Global accessibility. Esperanto was created for international communication and its world-wide speaker base is near two million. It is taught at universities in Hungary and China, broadcast by state media in Cuba and the Vatican, and promoted by thousands of local clubs, small publishers, annual conferences, and other infrastructure. As a complement to the current major languages of scholarship, its wider adoption in educational organizations and research institutions would offer possibilities to transcend and break down language barriers that currently inhibit scholarly communication. Were the model of the International Academy of Sciences San Marino to be followed globally, or even just at European scale, the open access ecosystem of the future could potentially guarantee access to research free not only of financial restrictions on access but of linguistic ones as well.

Even just at the scale of the AIS, however, their experiment has shown that a standard second language has important benefits for open education. It renders transnational study and collaboration more egalitarian and, perhaps most importantly, it forces educators to critically reflect on a tool of scholarship so basic that many of us scarcely think of it as a tool at all.

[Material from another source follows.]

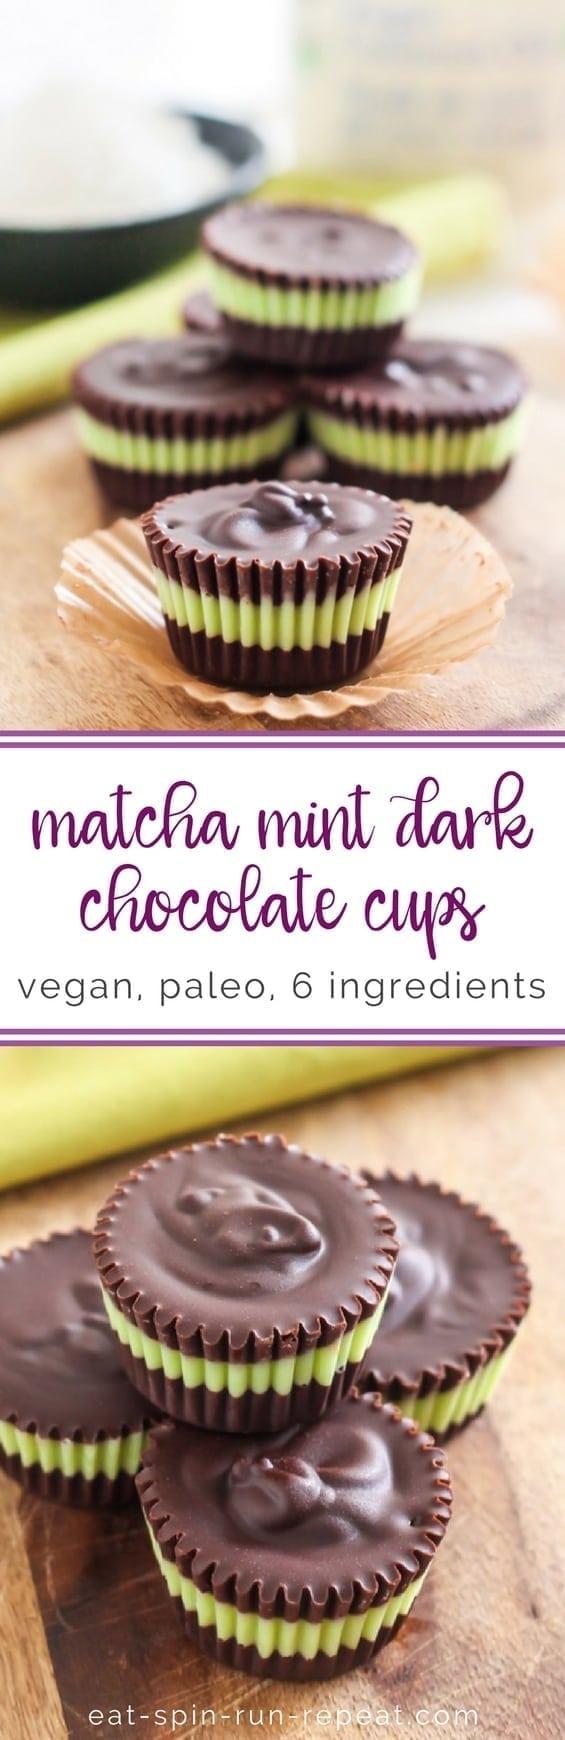 6-Ingredient Matcha Mint Dark Chocolate Cups || vegan + nut-free || Eat Spin Run Repeat

As we become more aware of the capacity for computer languages to hide threats to the integrity of our research, we must paraphrase Tara Andrews' question and ask ourselves: Can we truly know what models, assumptions, and inferences are made within the vocabulary and grammar of a particular language? If so, how? And if not, how can we justify a blind use of it? Esperanto is no more immune to such embedded "models, assumptions, and inferences" than any other language, but working in tandem with students', instructors', and researchers' ethnic languages, it can illuminate what hides in the famously dark space within our skulls, and it might just help us crack open the black boxes so pervasive in our teaching and research.